As I walked for the first time since before Christmas around the seawall this week, the sun did her thing.  She danced on the water - a reminder that new life is coming.  There were even little sprouts of bulbs peeking at me around tree roots along the route back home.  I pondered what I needed to clean out and prune in preparation for new growth - I remembered that everything has a life cycle.  Not just people and plants, but relationships too, and that my challenge is in the letting go - the pruning if you will.  I find myself wondering about friends from the past (some way past - high school and college) and sometimes feeling sad that we've lost touch instead of honoring those memories and accepting that those friendships have completed their lifecycle so that new ones in their infancy can be properly nurtured.  I realize that I'm a mere infant in our family's new reality, a toddler by now maybe, and that I've so much to learn about myself, my family and my marriage.  It's energizing really to accept that we're all somewhere in the midst of a cycle of life and it's daunting to think that pruning is a natural part of remaining healthy.  And it gets confusing because maybe I'm supposed to be pruning in one area while feeding another and helping guide our children in their own development and shedding and it makes me tired sometimes.  But the grey days that bring the rains serve as permissive encouragement to do just that.  They tell me that now's the time to take stock, tend, trim and nourish - this is soul work.  And they validate that this is tiring work and the rainy days make naps so very much sweeter - for this I'm grateful.

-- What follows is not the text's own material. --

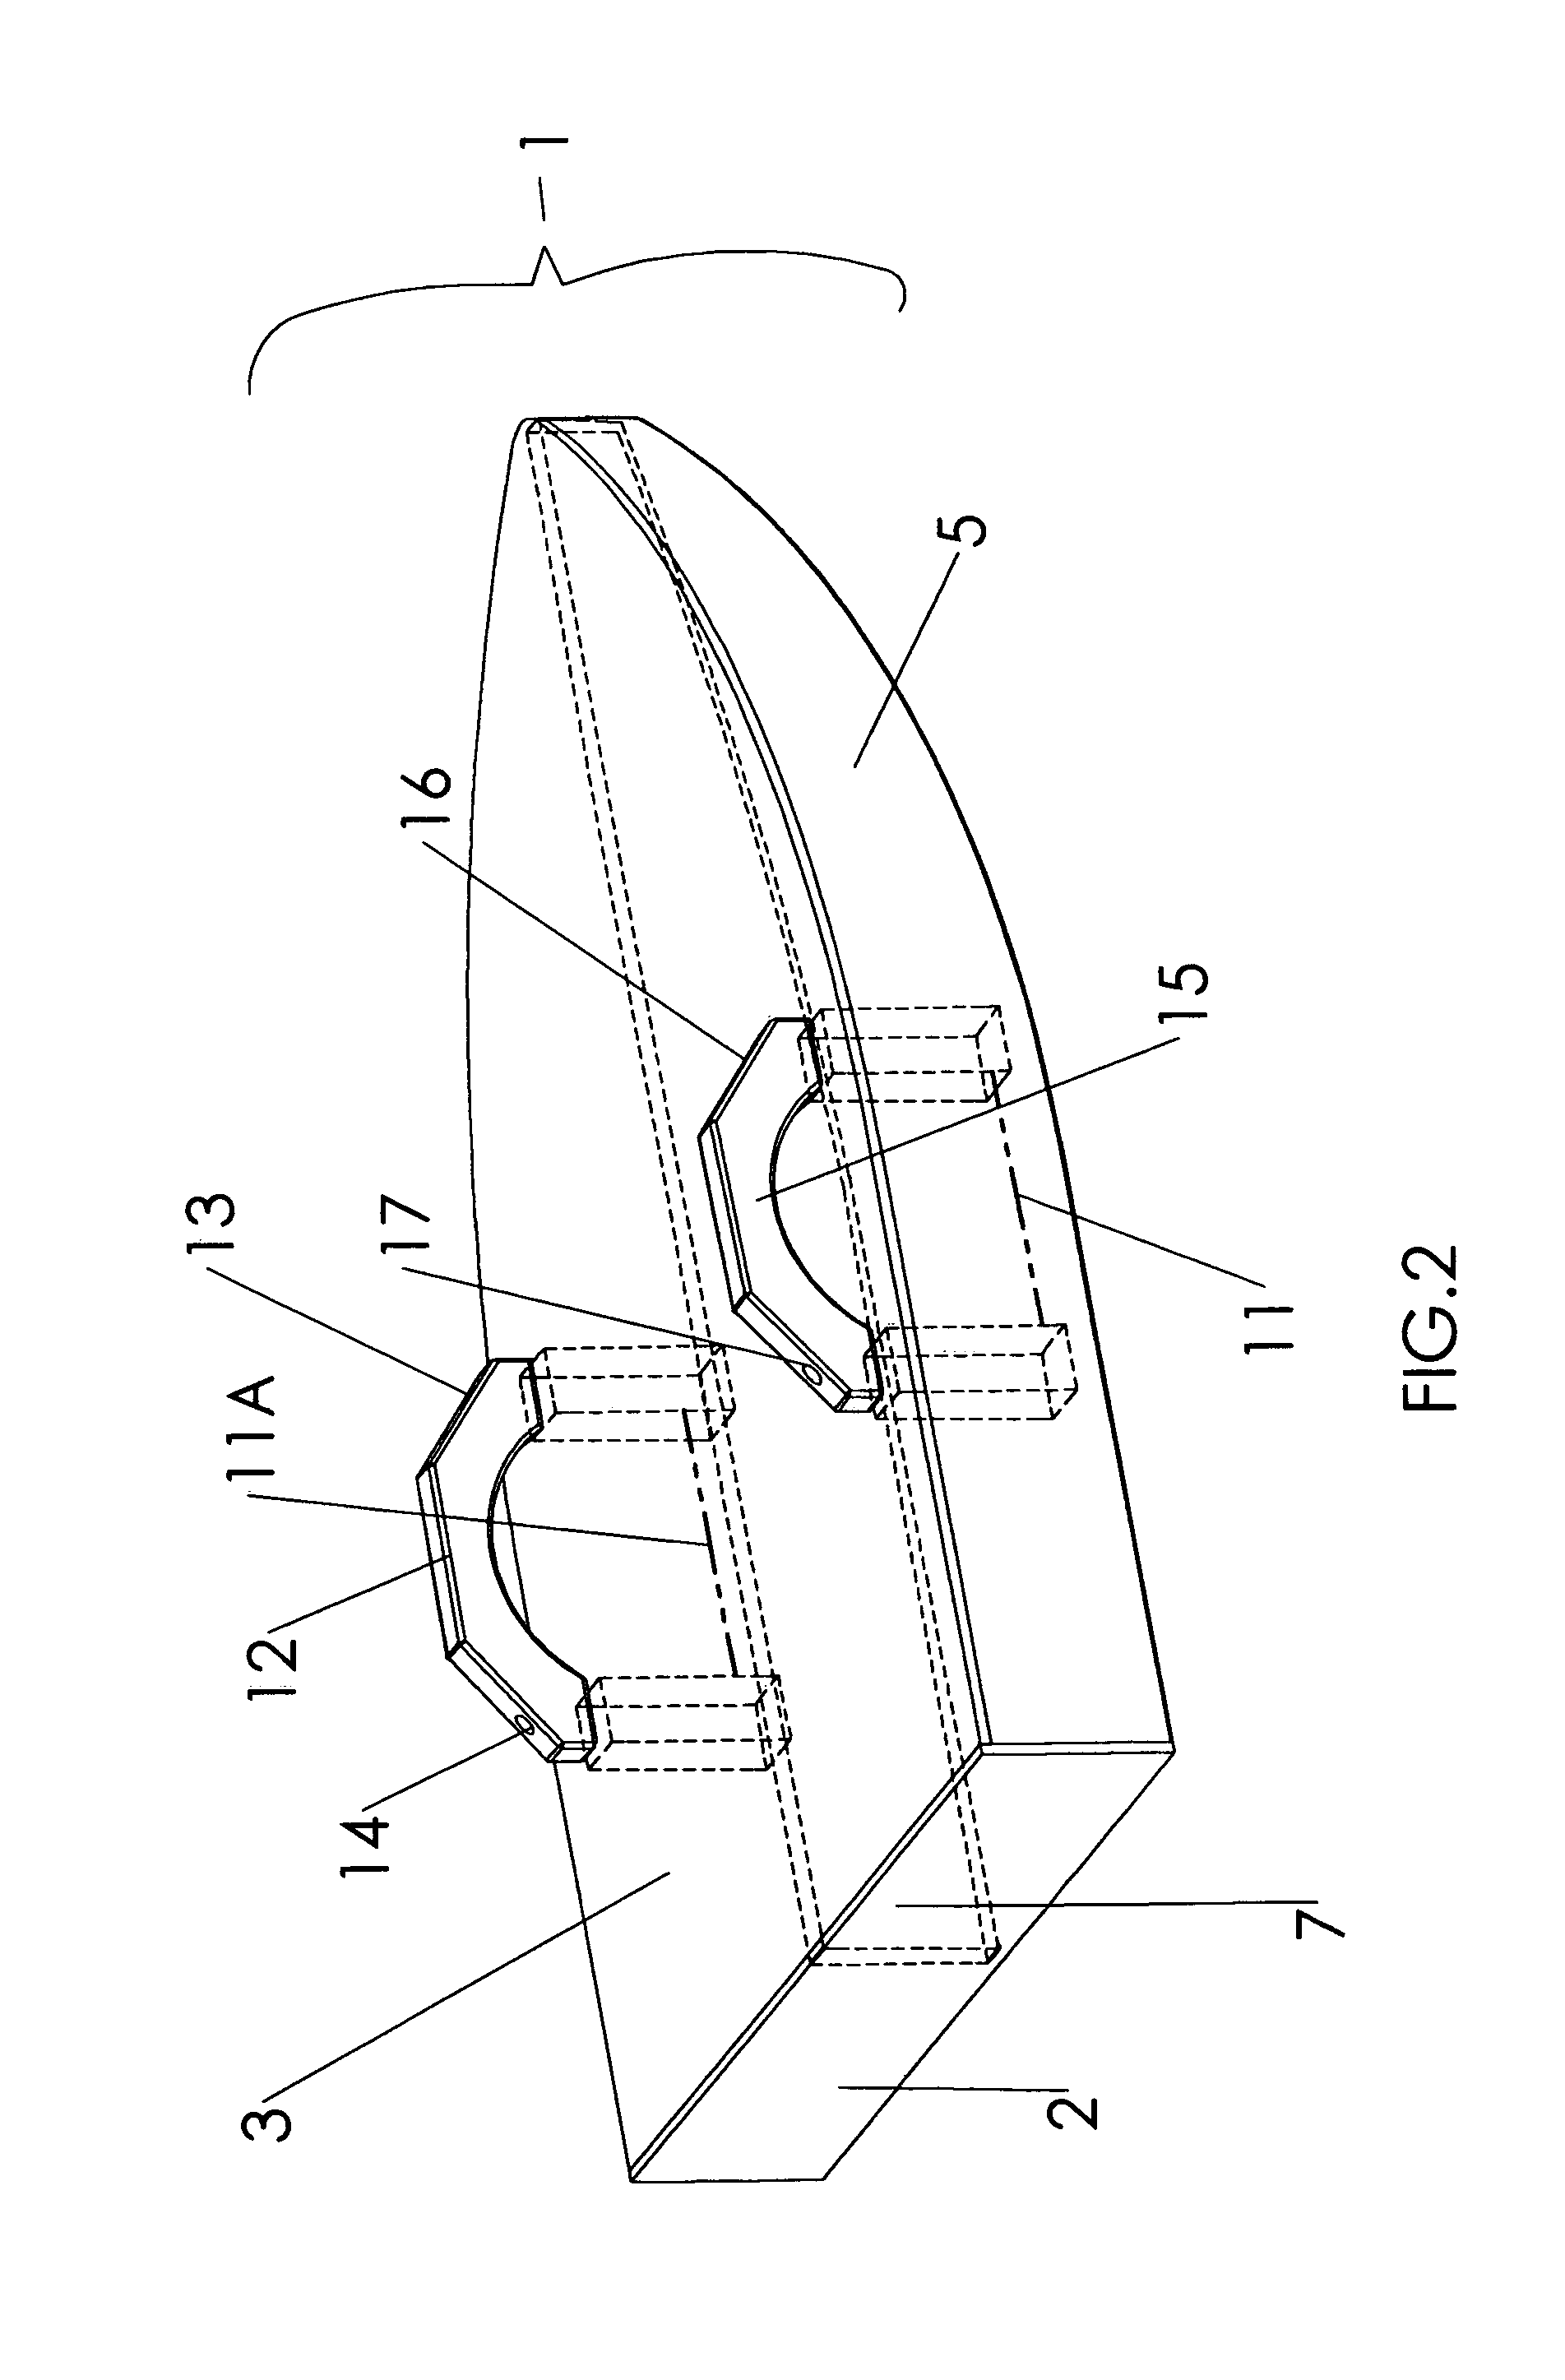 Device for steering a toboggan

I've re read all of my blog posts to date in the past few days and that's been a fun walk through some of this cyclical life we've been leading.  This year it's been incredibly tangible to see how we've tended ourselves, our relationships and our faith.  We've done pretty well, I think - some areas we've tended better than others - but we've certainly done this thing with honesty and, I hope, authenticity.  It's felt authentic.  In reading those posts I've seen the themes of grief and gratitude repeatedly; those two descriptors speak to the tension in which I live walking through various stages of life.  It's always a struggle to maintain balance and there's something about finding a balance between grief and gratitude that pushes me.  I've lamented the loss of the normal we knew but am incredibly thankful for the normal we've now defined.  I've lamented the loss of proximity to family but am thankful for technology that closes the spatial gap of miles and for people who function as family in this new place.  Lamentations are normal - holy even -  there's a whole book in the Old Testament of them and there are 60ish Psalms of lament.  That must make them important too - necessary really.  How can we actually celebrate gratitude in its most basic form if we don't have the perspective provided by lament?  How can we find hope in the midst of dark, grief-stricken places if we don't know what it means to be truly grateful for life and its good gifts?

So here I sit - cocooning, reflecting, turning inward, allowing my introvert her time to blossom into her new self.  And I grieve.  And I hope.  After all, I know that around the corner Spring is coming and that now is the time to prepare.  Now is the time to make ready for new growth and let go of those places that have withered.